Произошло какое-то движение, и глаза, постепенно начинавшие различать силуэты отдельных людей, уже видели, как вдоль трех стен выстроились мамки с детками. Слабый мутный свет проникал только через два забитых стальными листами с узкими прорезями окошка, расположенных под самой крышей вагона. Центр вагона сразу же опустел, так как все в него посаженные уже разошлись по бокам. Тот же голос, но теперь из угла продолжал:
– Граждане, теперь попробуйте каждый определить себе место возле стенки так, чтоб спиной к стене, а ноги вперед в центр вытянуть. Поскольку, похоже, нам Гитлер перин и кроватей не приготовил, придется усаживаться на солому.

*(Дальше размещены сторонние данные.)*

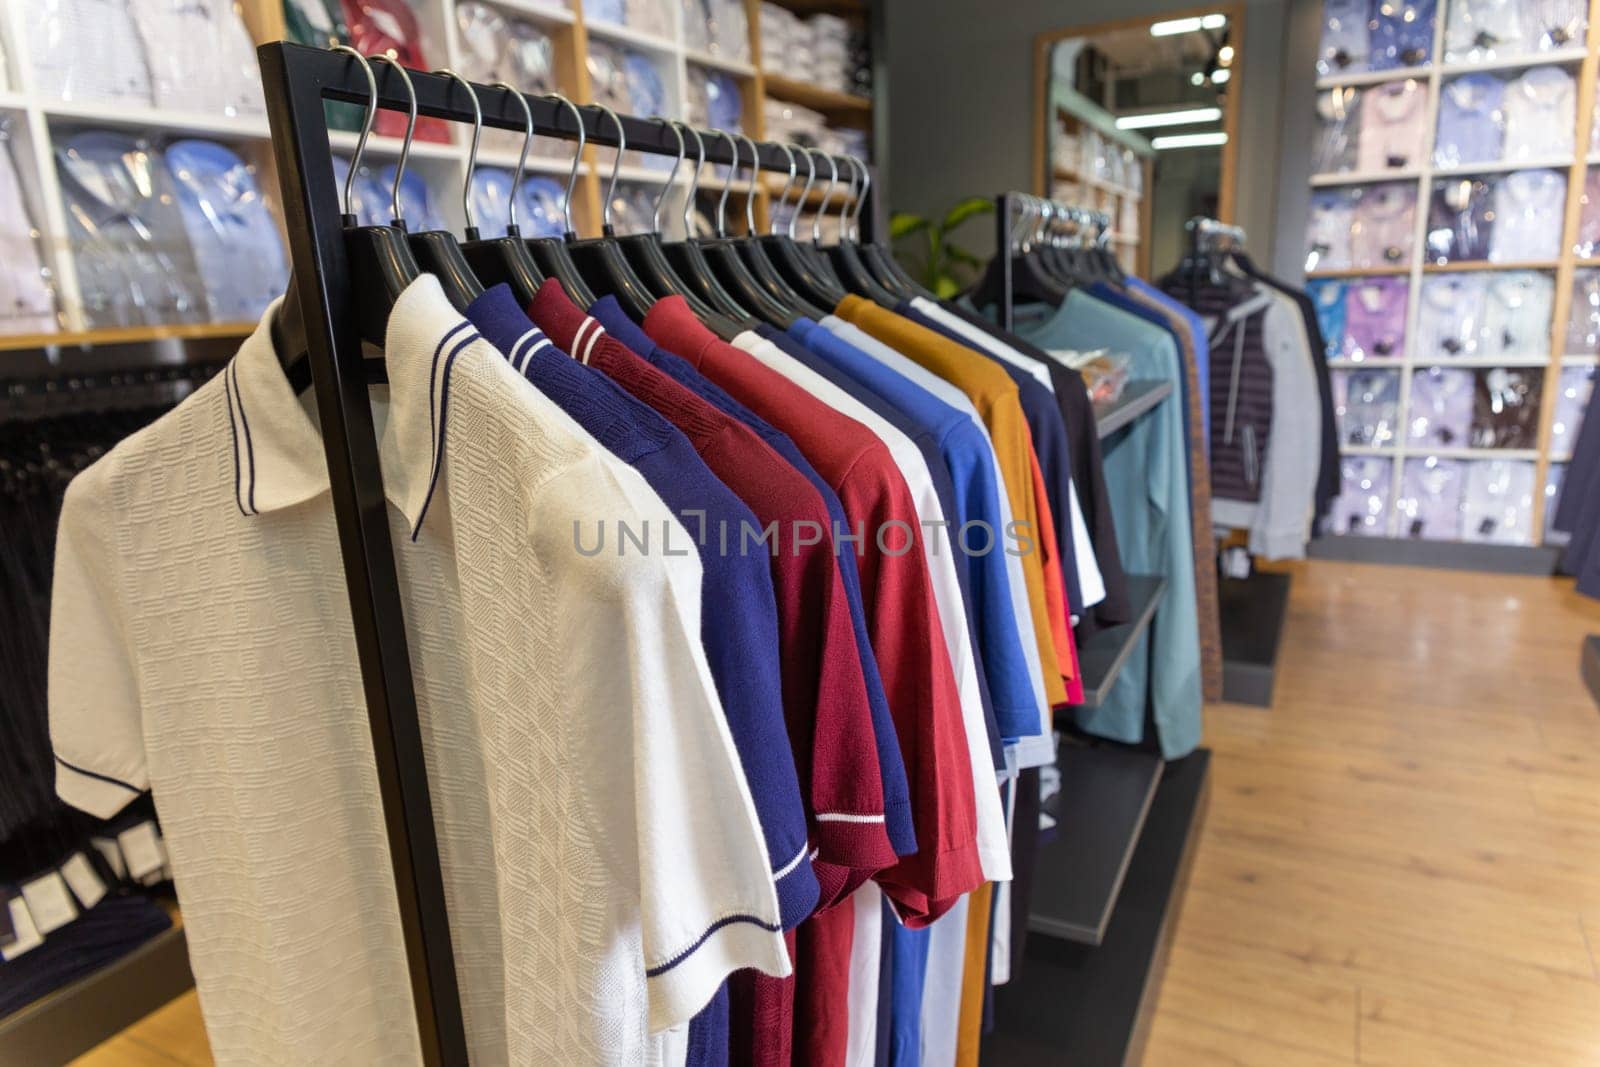 Closed up multicolored mens polo shirts on hangers and shelves in a men's clothing store.

– Ой, так она ж вся изгажена и воняет.
– Тут, кажись, коров да телят возили?
– Как же мы тут ляжем-то? – неслись с разных сторон возгласы.
– Бабоньки, милые, а как иначе-то?! – увещевала их самая активная женщина-организатор. – И чем быстрее устроимся, тем лучше. Не дай Бог тронемся, так вообще не разберемся, а про вонь да грязь нам забыть покамест надо. Позже будем отмываться да оттираться! Кто с детишками поменьше, идите в угол, там почище должно быть и с двух сторон защита. А кто один, так не серчайте, но ваше слово последнее. Займете то, что останется. Себя-то легче содержать да обиходить. Нам всем сейчас детишек надо сберечь.